* [PROBLEM DESCRIPTION] Down to the last line, set down the material below exactly, excluding pictures.

* [PROVIDED DATA]
◆ ◆ ◆ ◆

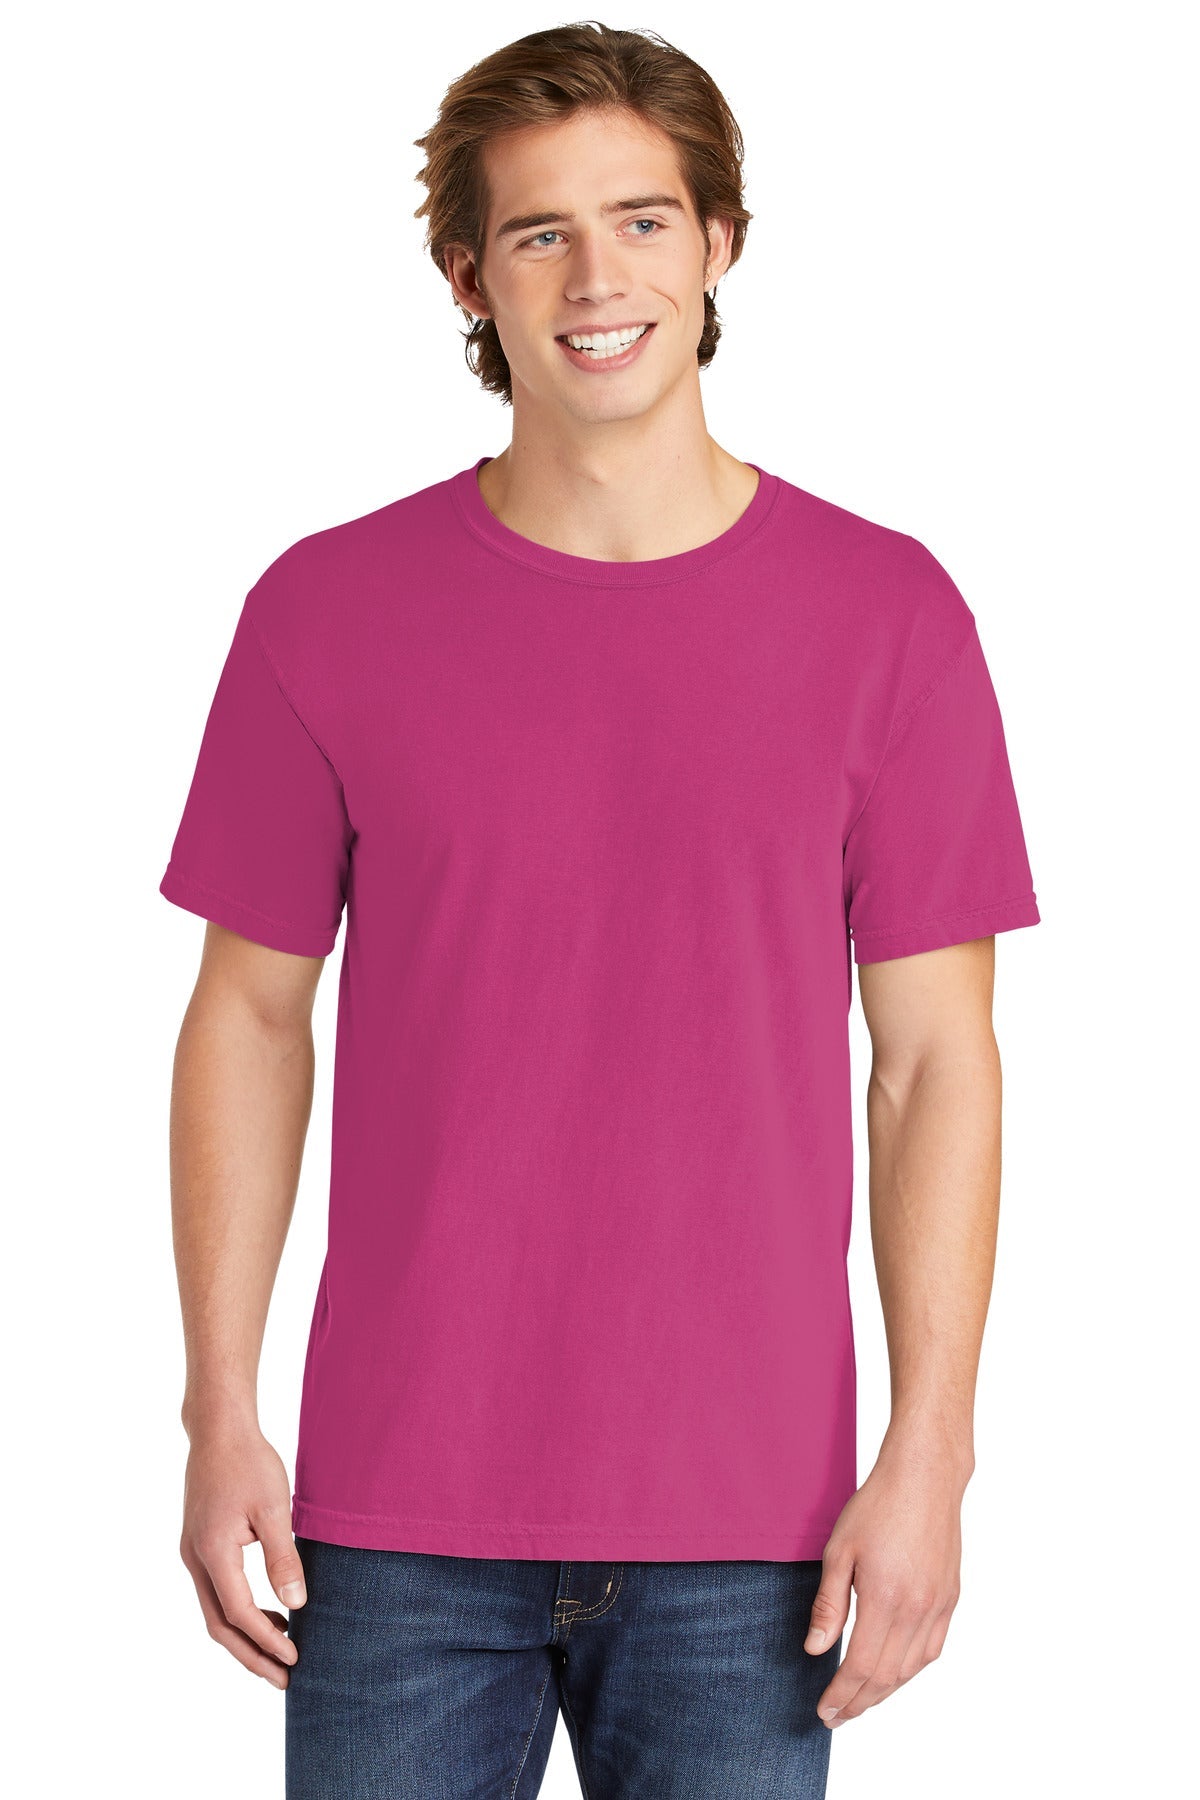 COMFORT COLORS ® Heavyweight Ring Spun Tee. 1717 [Heliconia] - DFW Impression
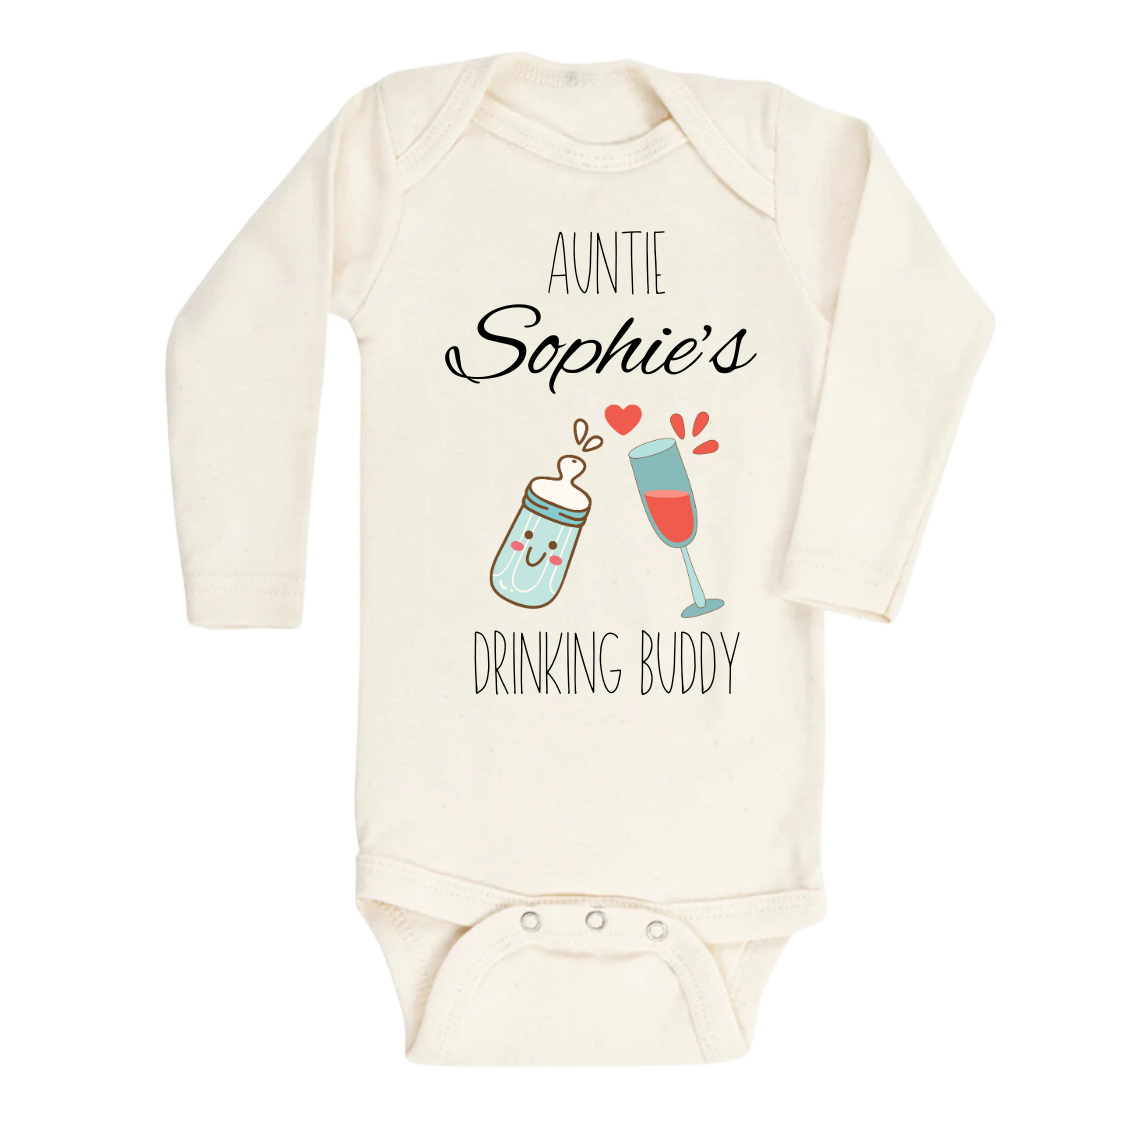 Long Sleeve Onesie Natural Baby with a cute printed design of a wine glass and a milk bottle, customizable with the text 'Aunt's Drinking Buddy'.
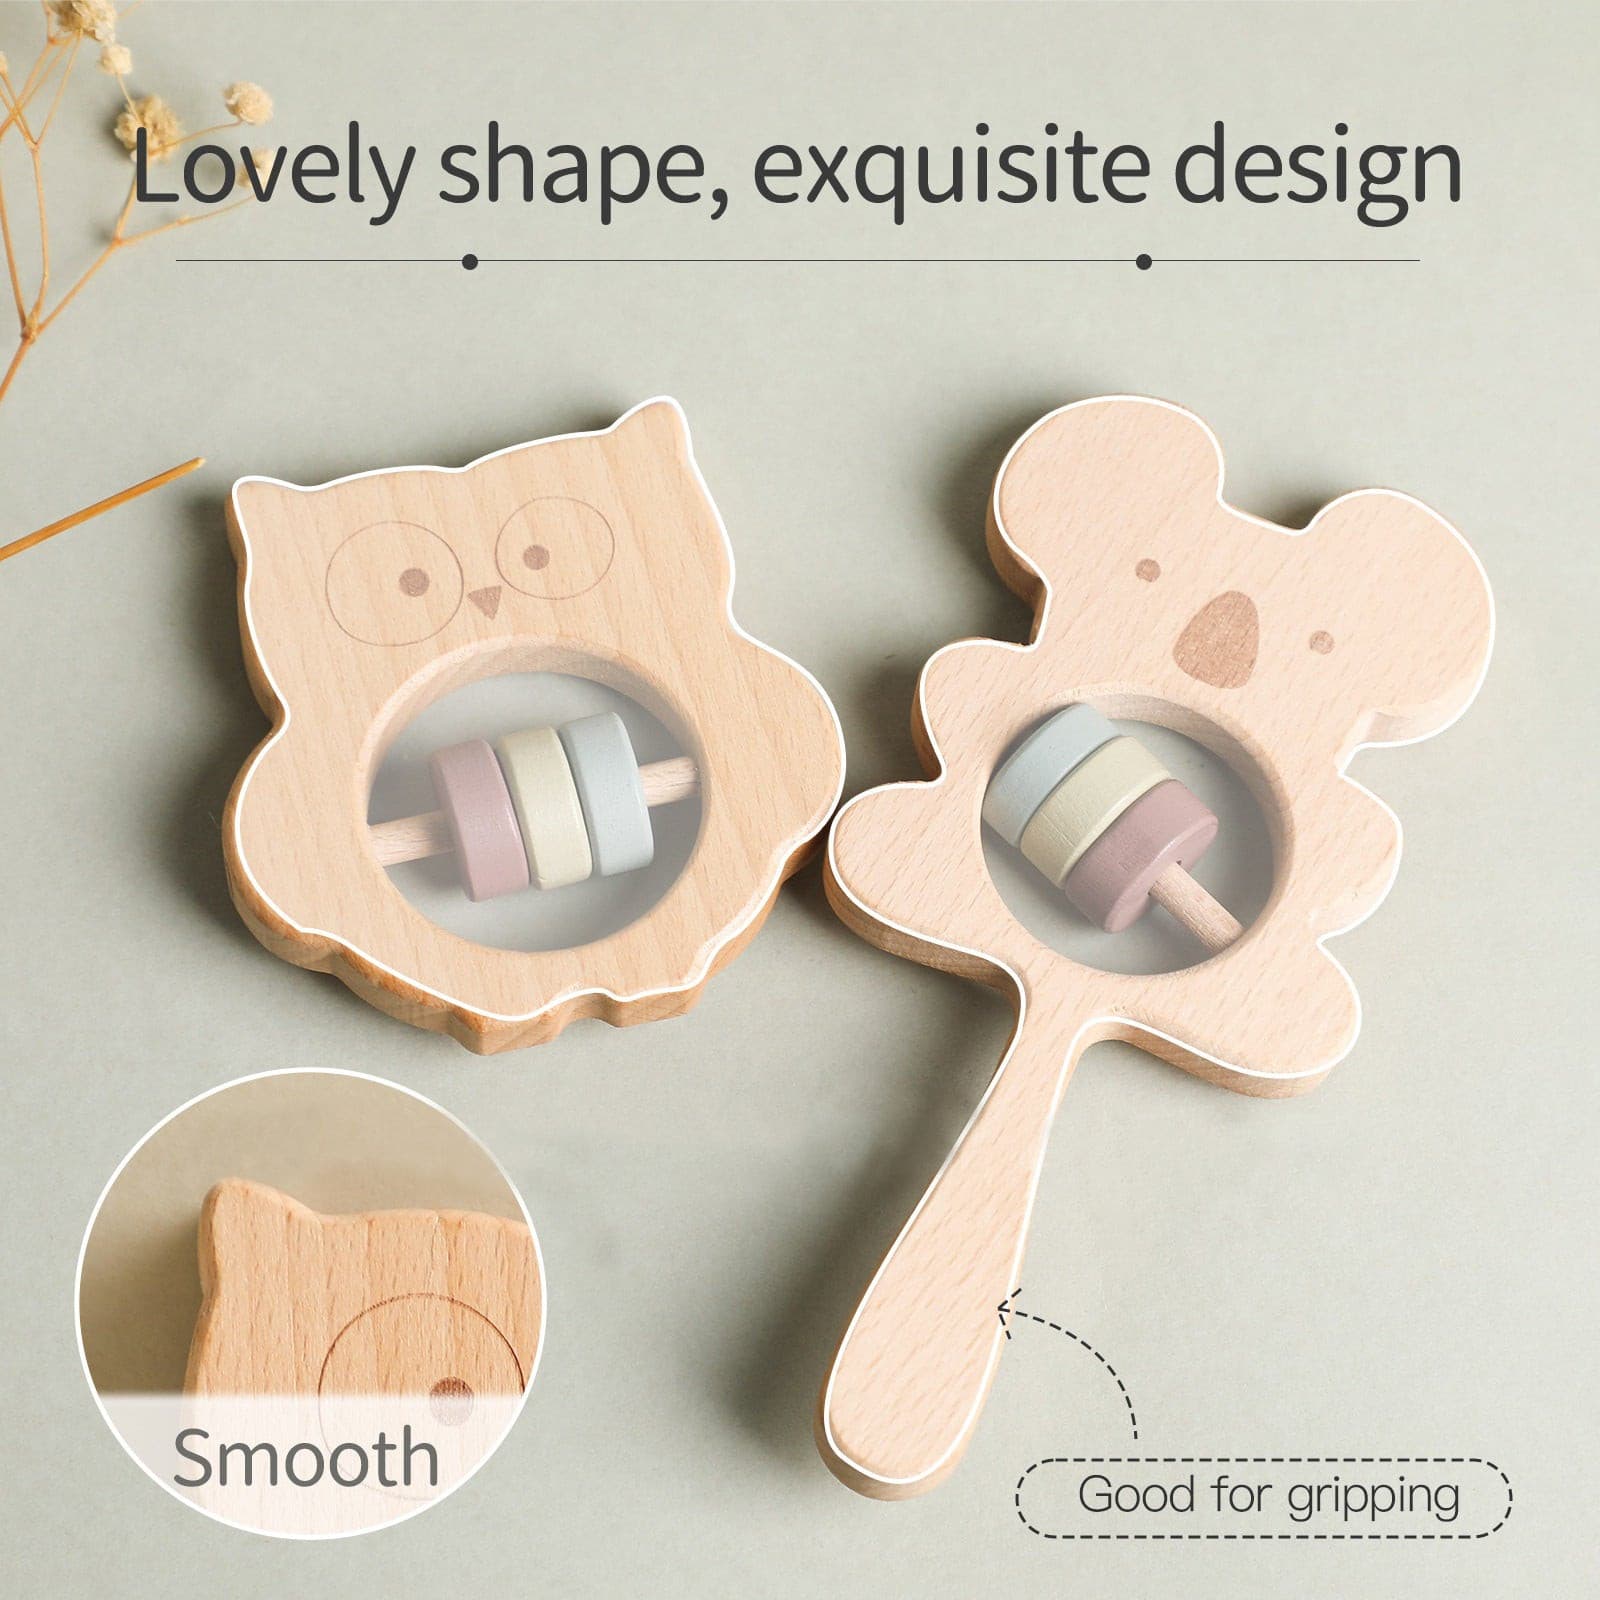 Wooden Animal Rattle. Baby Toy.

◆ ◆ ◆ ◆

* [EXERCISE RESULT]
 COMFORT COLORS ® Heavyweight Ring Spun Tee. 1717 [Heliconia] - DFW Impression
 Long Sleeve Onesie Natural Baby with a cute printed design of a wine glass and a milk bottle, customizable with the text 'Aunt's Drinking Buddy'.
 Wooden Animal Rattle. Baby Toy.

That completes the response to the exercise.